*ABOUT THIS TASK*. Take from the entries below the stretch from the line with "Buy Gym Women" through the line with "Ella’s Race logo on RaceRaves", and return it exactly, leaving the pictures out.

*TASK MATERIAL*.
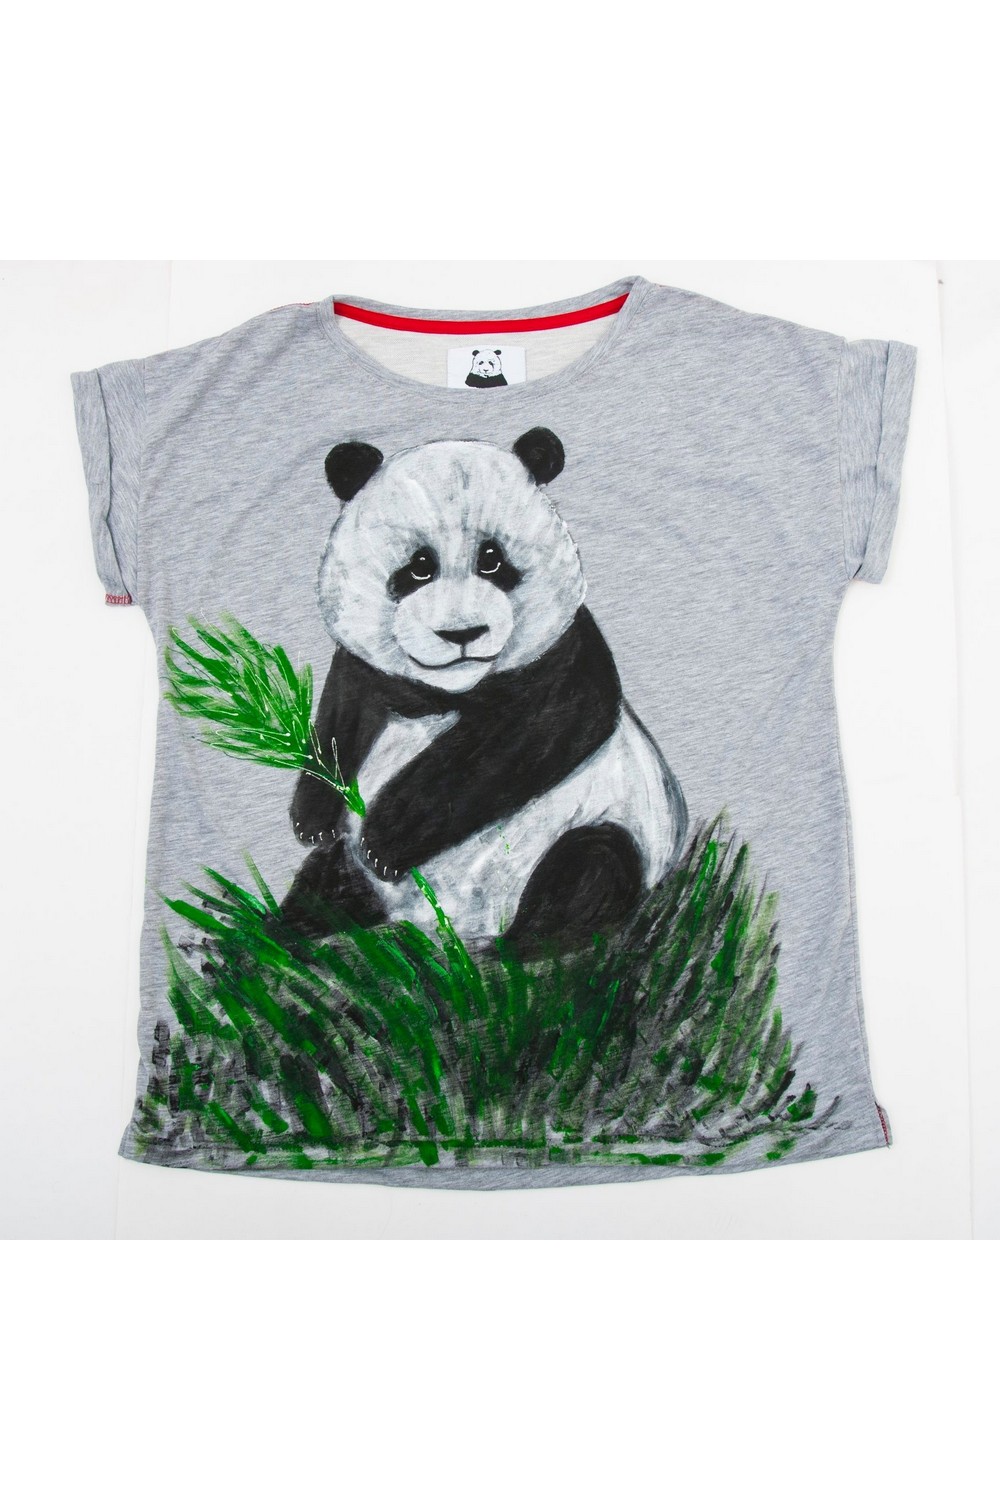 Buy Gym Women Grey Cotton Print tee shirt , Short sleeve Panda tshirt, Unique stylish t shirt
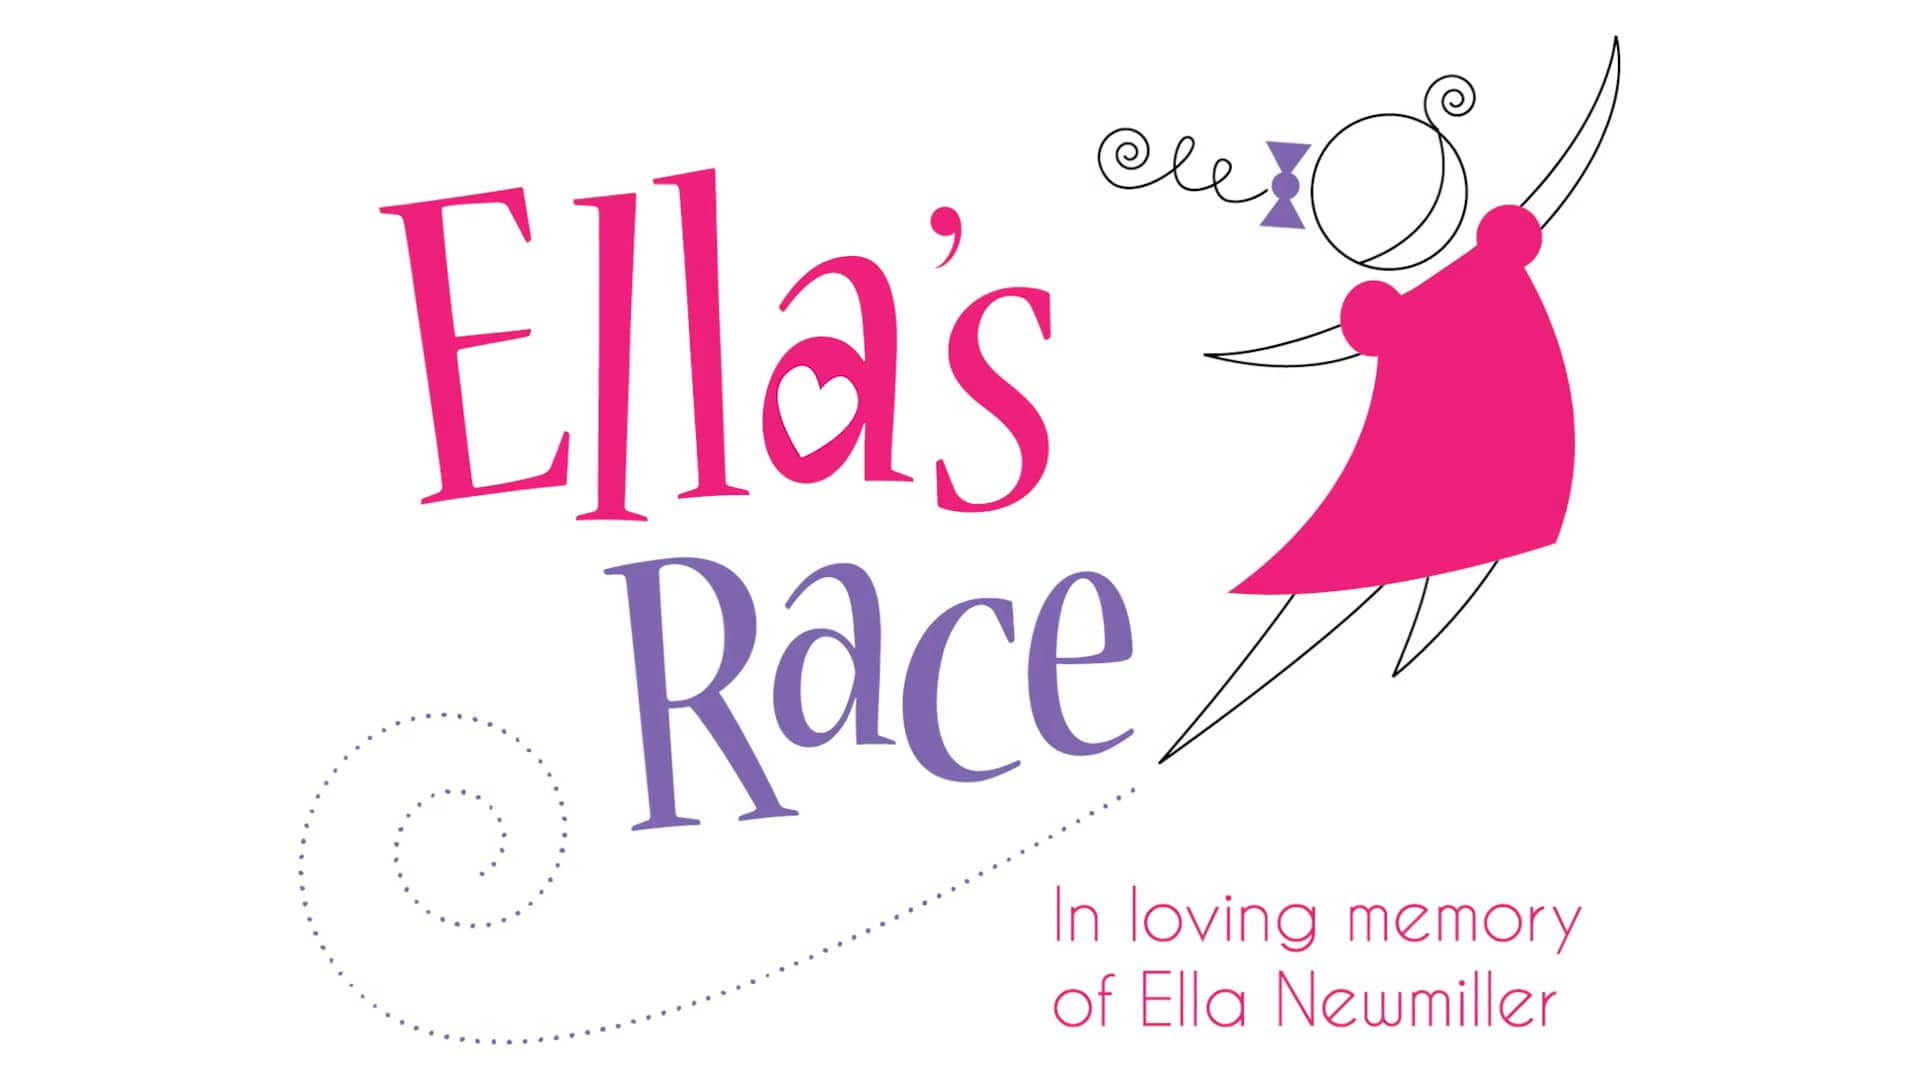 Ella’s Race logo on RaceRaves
...
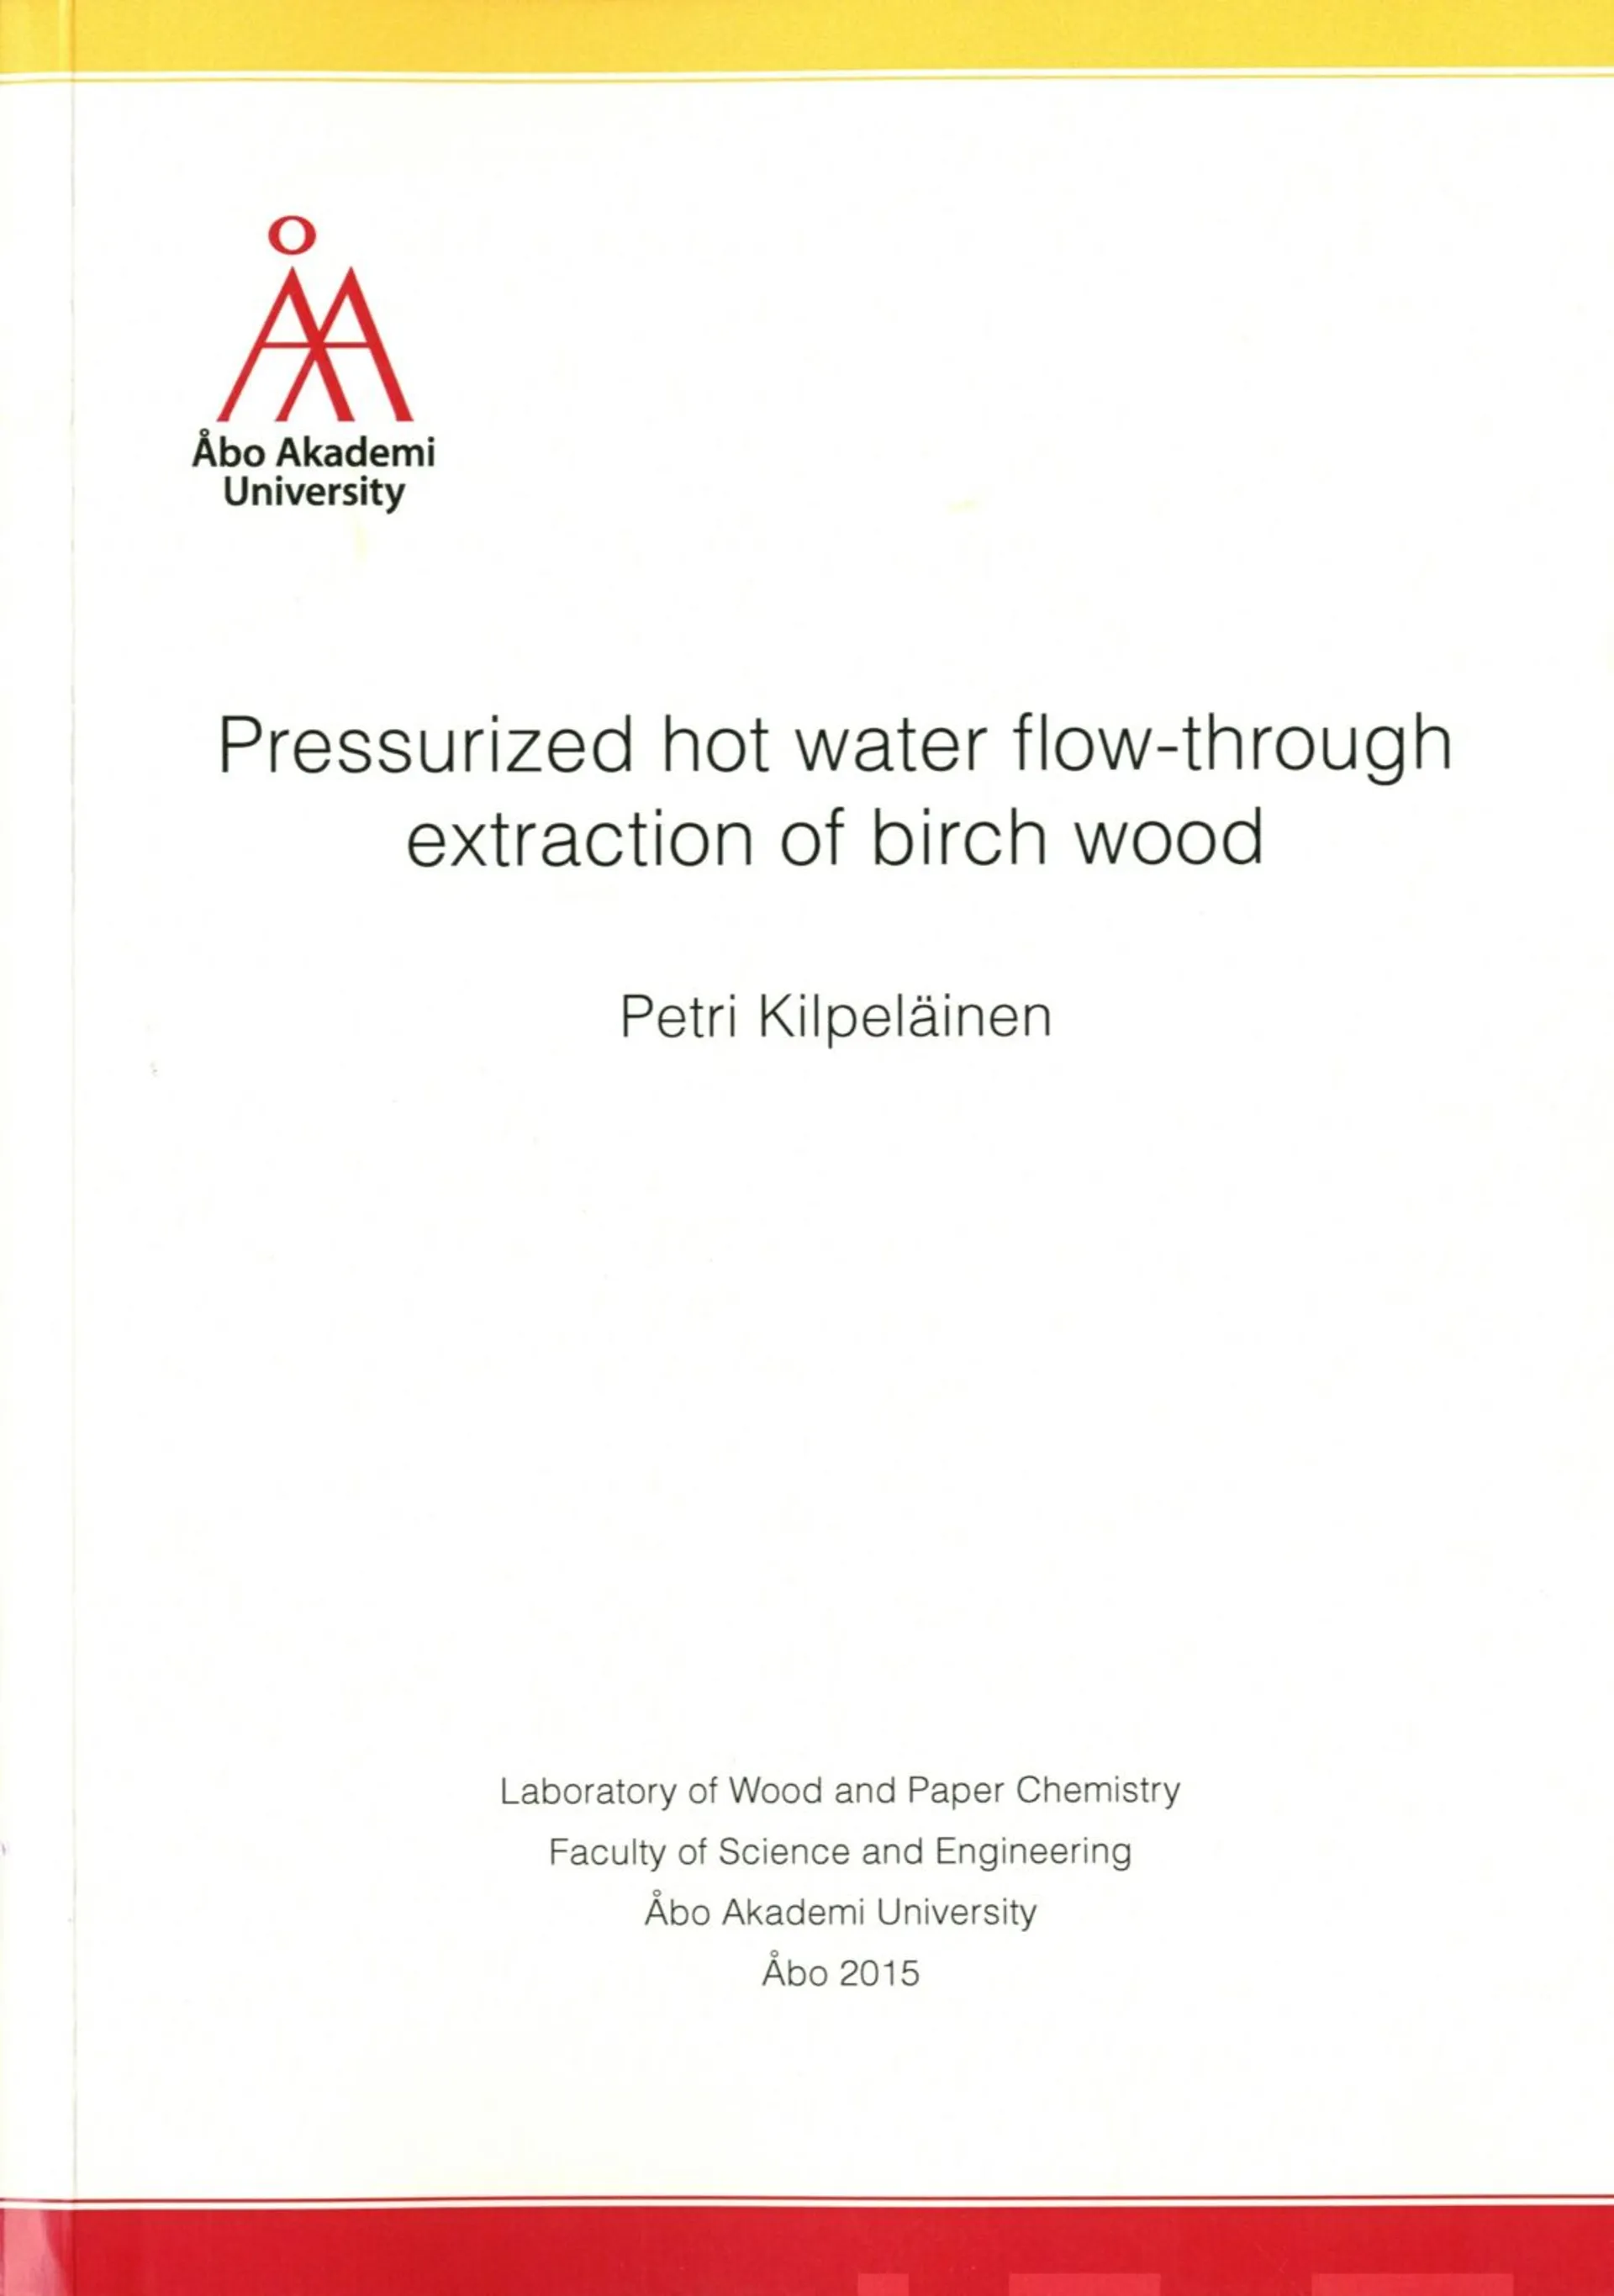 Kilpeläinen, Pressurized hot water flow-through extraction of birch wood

*ANSWER TO THE EXERCISE*.
 Buy Gym Women Grey Cotton Print tee shirt , Short sleeve Panda tshirt, Unique stylish t shirt
 Ella’s Race logo on RaceRaves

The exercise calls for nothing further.